Это была поездка выходного дня – прекрасное изобретение советской туристической отрасли. Этакий мини-круиз на поезде, который служил и средством передвижения, и гостиницей в пунктах назначения. Поезд отправлялся в пятницу днём, для чего сотрудников, купивших тур, отпускали с работы после обеда, а возвращался он в понедельник утром так, что ещё можно было успеть на работу.
Поезд составляли из мягких вагонов – в них в купе три мягких полки на одной стороне, очень удобно для таких мероприятий, так как на этих полках можно с комфортом разместить три влюблённых парочки, и они не будут заметны одна другой. А если среднюю полку поднять, то комфорт достигал уровня спального вагона.
В первое купе заселили уже упомянутую Бардзиловскую с двумя подружками-сотрудницами, а второе заняли мы с коллегой Мишкой и сотрудницей лаборатории надёжности Нелей, у которой, в свою очередь, в третьем купе находилась подружка Валя. Из той же лаборатории надёжности.

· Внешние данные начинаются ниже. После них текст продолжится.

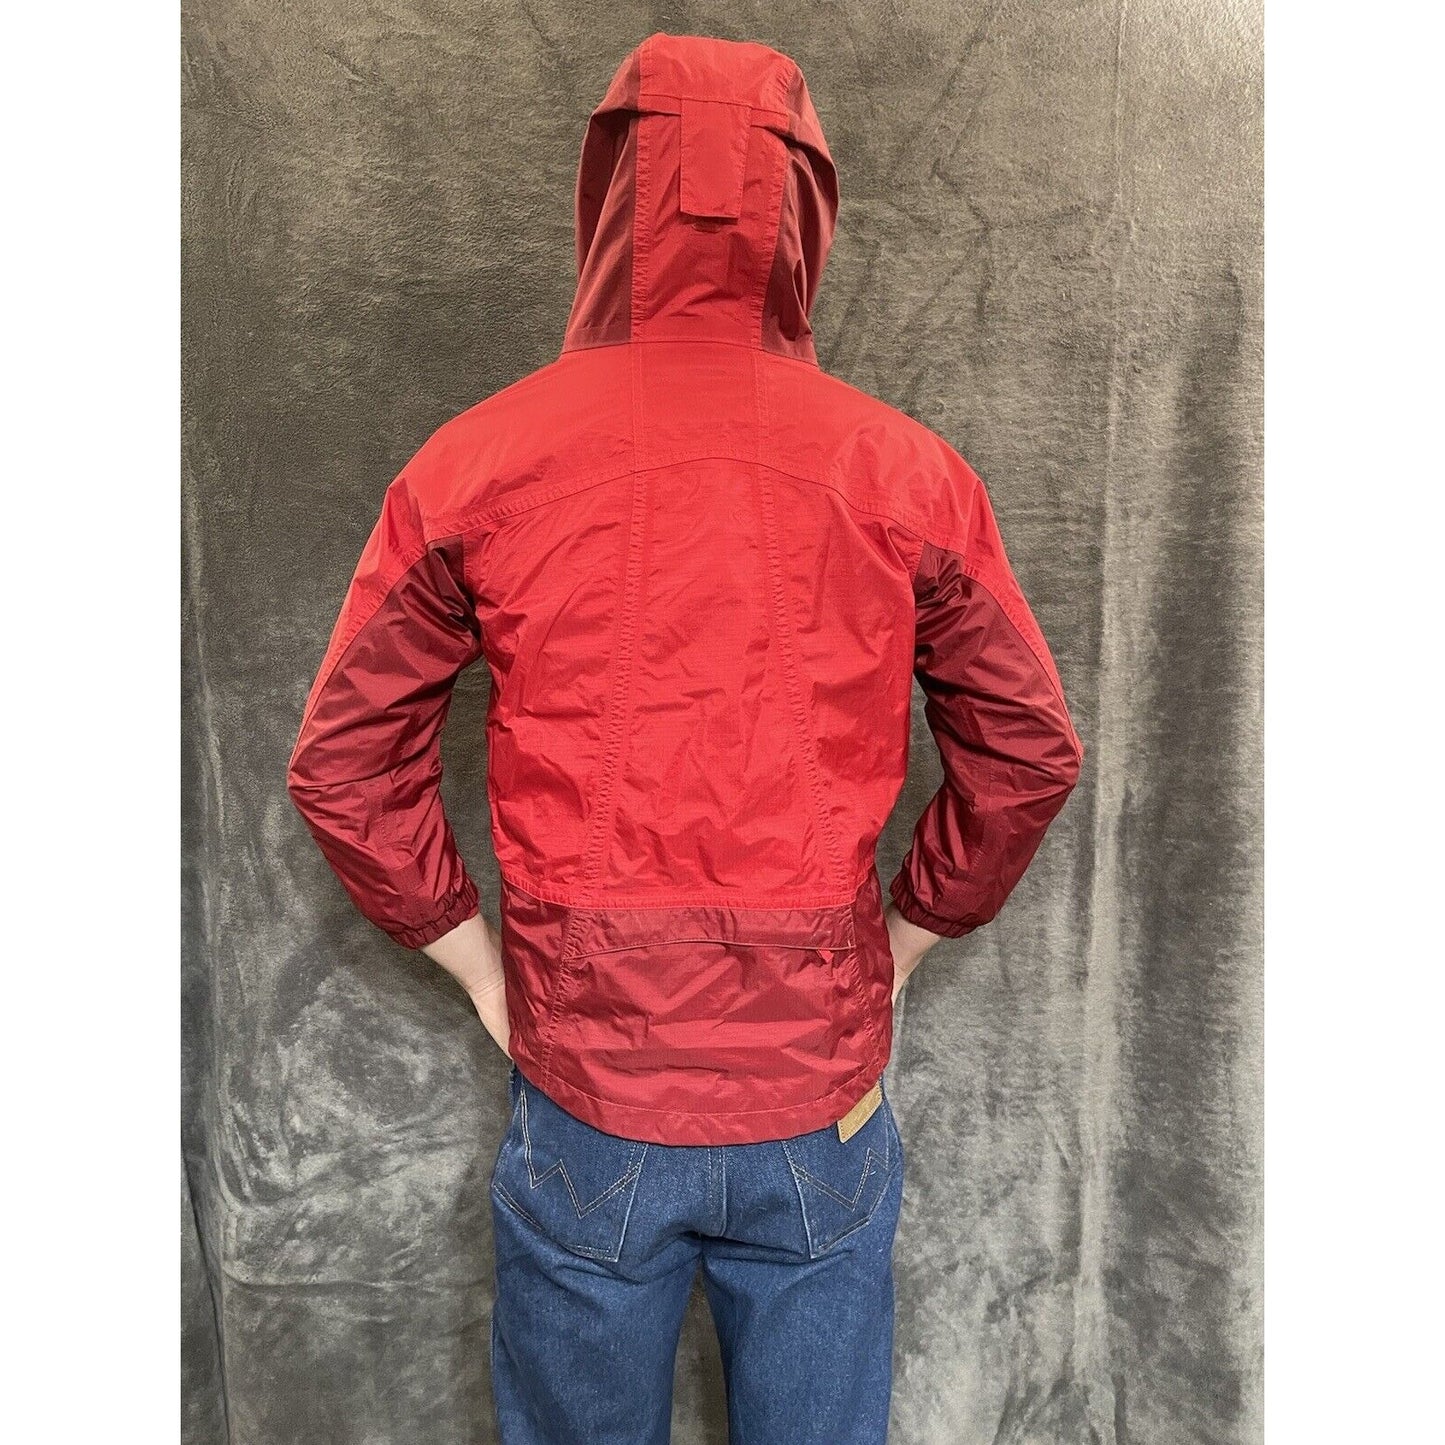 boy's L.L. Bean nylon poly medium 10-12 red jacket

Все пассажиры нашего вагона были сотрудниками, хоть в какой-то степени знакомыми друг с другом, а у одного из них, очень кстати, оказался день рождения. Поэтому, уже через час после отплытия, начался пир на весь мир, то есть – на весь вагон. Стаканы наполнялись в купе именинника  и по цепочке передавались во все остальные, пока кто-то не крикнул: «Хватит, хватит, а то уже соседний вагон втихаря наши стаканы перехватывает».
К вечеру все уже были хороши, травили анекдоты и байки, орали песни. Никому это не мешало, так как участвовали все. Кроме первого купе. Почему Бардзиловскую со товарищи (или со товарки) не пригласили, я не знаю, может вид у них был слишком заносчивый, может были у неё с именинником какие-нибудь тёрки, но дверь они захлопнули и носа наружу не казали.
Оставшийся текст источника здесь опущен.